Virgínia sempre respirou arte. 

“Na época, eu que contei a ele. Contudo, já havia a certeza de que eu queria ter minha filha. E isso já excluía a possibilidade de um aborto. Foi uma coisa que eu decidi antes de falar para ele. E na época ele também teve uma outra filha. Havia engravidado uma menina e não estava com ela. Ficou bem assustado quando contei, mas não teve uma reação de negar o filho. E não sei como isso foi construído depois. Não sei se houve uma influência de amigos ou da família para ele ter essa decisão. Só houve aceitação com o teste, então basicamente minha filha só foi criada por mim e com o suporte de pessoas próximas”, relembra a artista.

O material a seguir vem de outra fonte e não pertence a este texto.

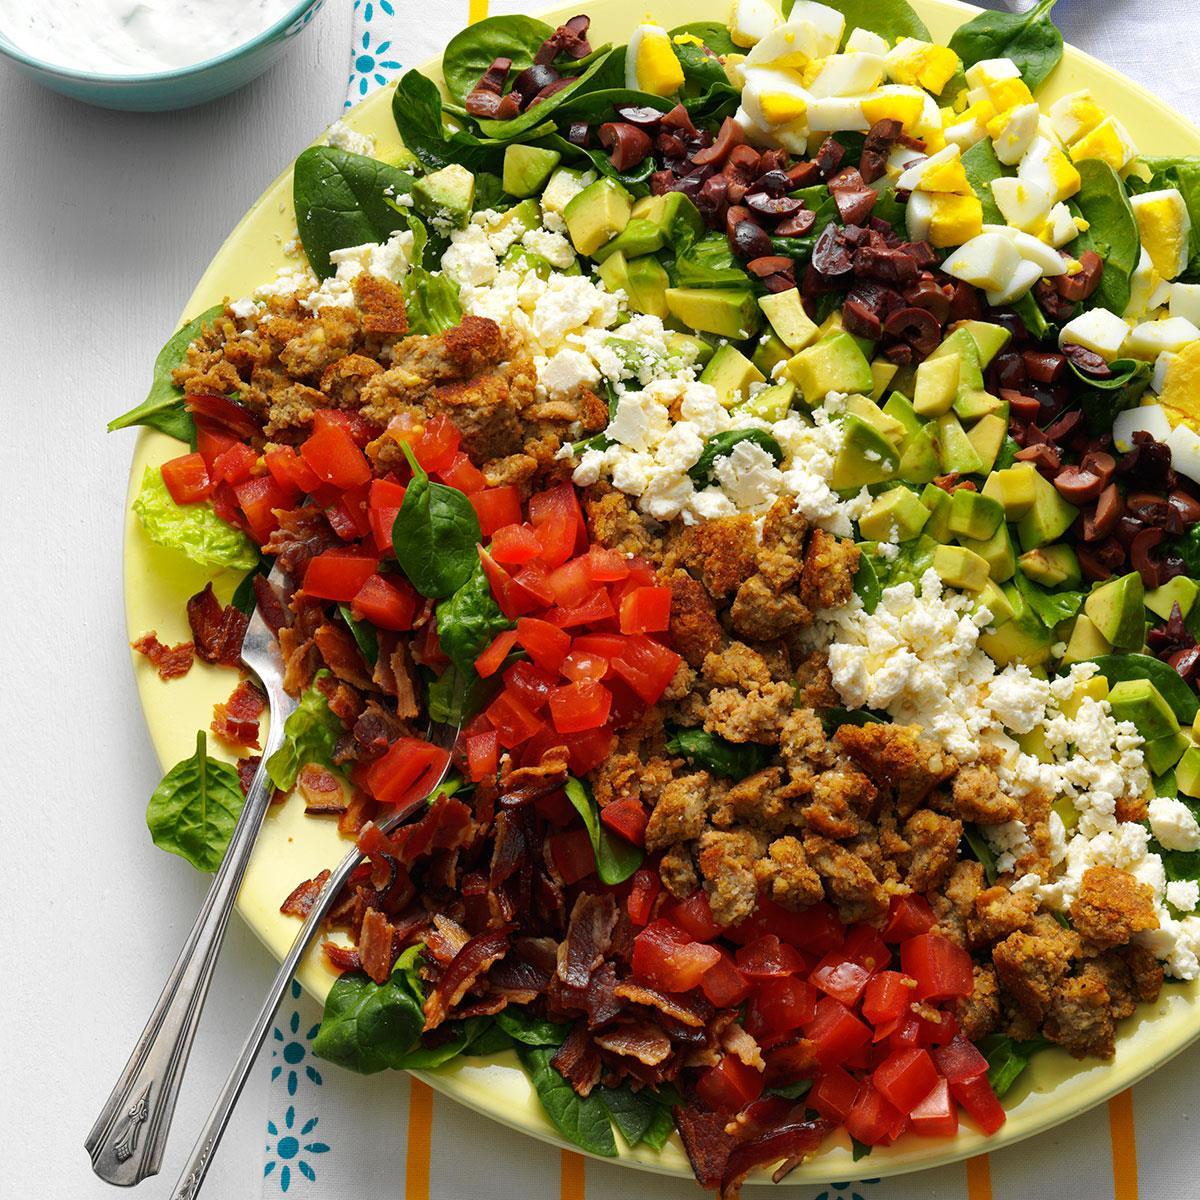 Mediterranean Style Recipes: Mediterranean Cobb Salad Recipe

Com o abandono do pai da filha, Virginia encontrou forças na união das mulheres. Os laços foram construídos na própria família. Em uma verdadeira rede feminina, houve a  ajuda da construção da identidade da filha enquanto mulher. Hoje, aos 21 anos, é forte igual a mãe. Entretanto, não foi fácil para a artista. Apesar de todo o apoio familiar, portas foram fechadas. Planos foram cancelados. O mercado não enxergava o espaço necessário na vida dela: “Às vezes eu comentava sobre determinada exposição ou projeto e as pessoas me falavam que até pensavam em mim, mas que eu não conseguiria dar conta por ser mãe”, relata.

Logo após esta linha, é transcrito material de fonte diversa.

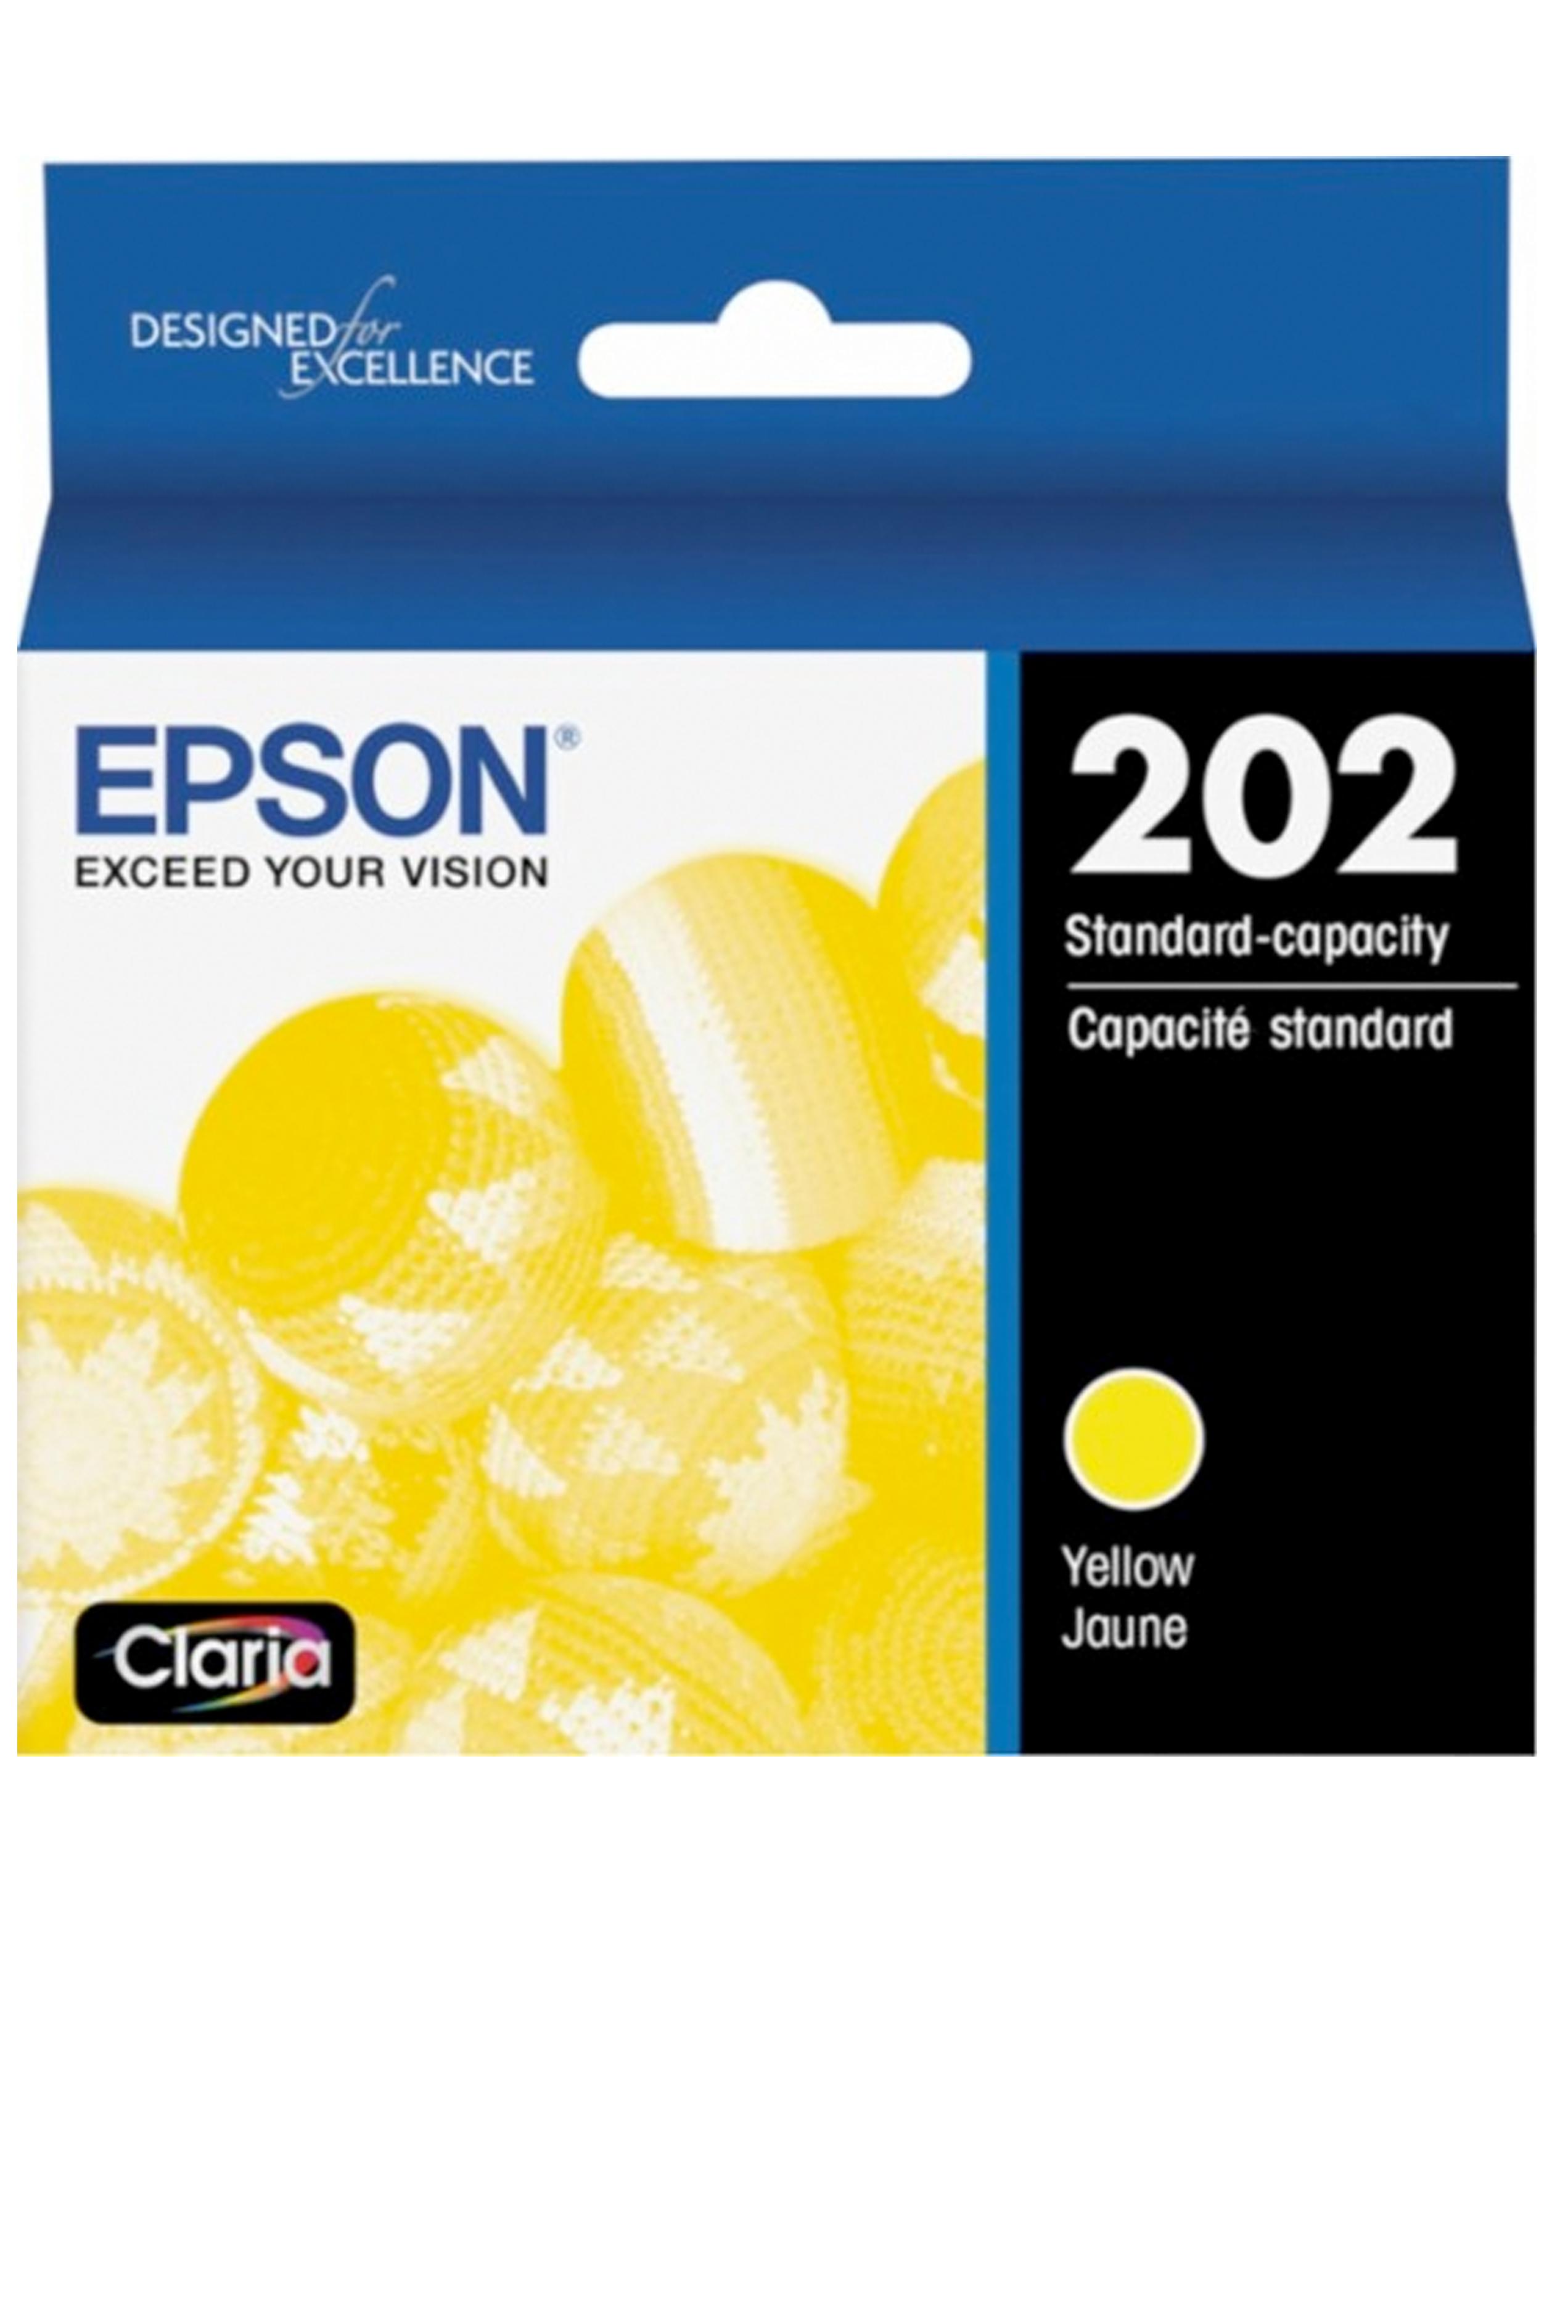 Epson 202, Yellow Ink Cartridge (T202420-S)

Enquanto se adaptava entre as tarefas de ser mãe solo e multiartista, a vida preparava mais uma maternidade para Virginia. O corpo dela nunca se preparou para uma. Nada foi planejado. Mas, engravidou do segundo filho, o Theo. Foi cesária. Ela não sentiu o parto, mas pela primeira vez estava acompanhada. O pai, seu marido na época, era participativo. Minimamente, ele levava a paternidade a sério. Passaram oito anos casados. Houve a separação. Logo, a interrupção de laços afetivos. Desfeitos entre ela e ele. Entre ele e o filho. Como acordo, logo após a separação, ele deveria pagar a escola. No primeiro ano, sequer pagou uma mensalidade. A ausência permaneceu. Só encontra o filho nos fins de semana. Virou pai de rede social. O feed é repleto de fotos. Os poucos momentos são sempre registrados para mostrar que existe uma boa relação entre pai e filho. Atrás das curtidas, há uma paternidade inexistente.

“Theo sempre foi muito tímido. Nunca gostou de foto. Estranhei quando me deparei com o instagram do pai cheio de fotos dele. Mas não quis perguntar. Até que um dia ele me falou que as fotos eram tiradas sem a vontade dele. Não tinha o que fazer. A imagem que ele tenta passar na rede social não condiz com o pai que ele é. Consultas médicas e  participação na escola não existem na cabeça dele”, relata.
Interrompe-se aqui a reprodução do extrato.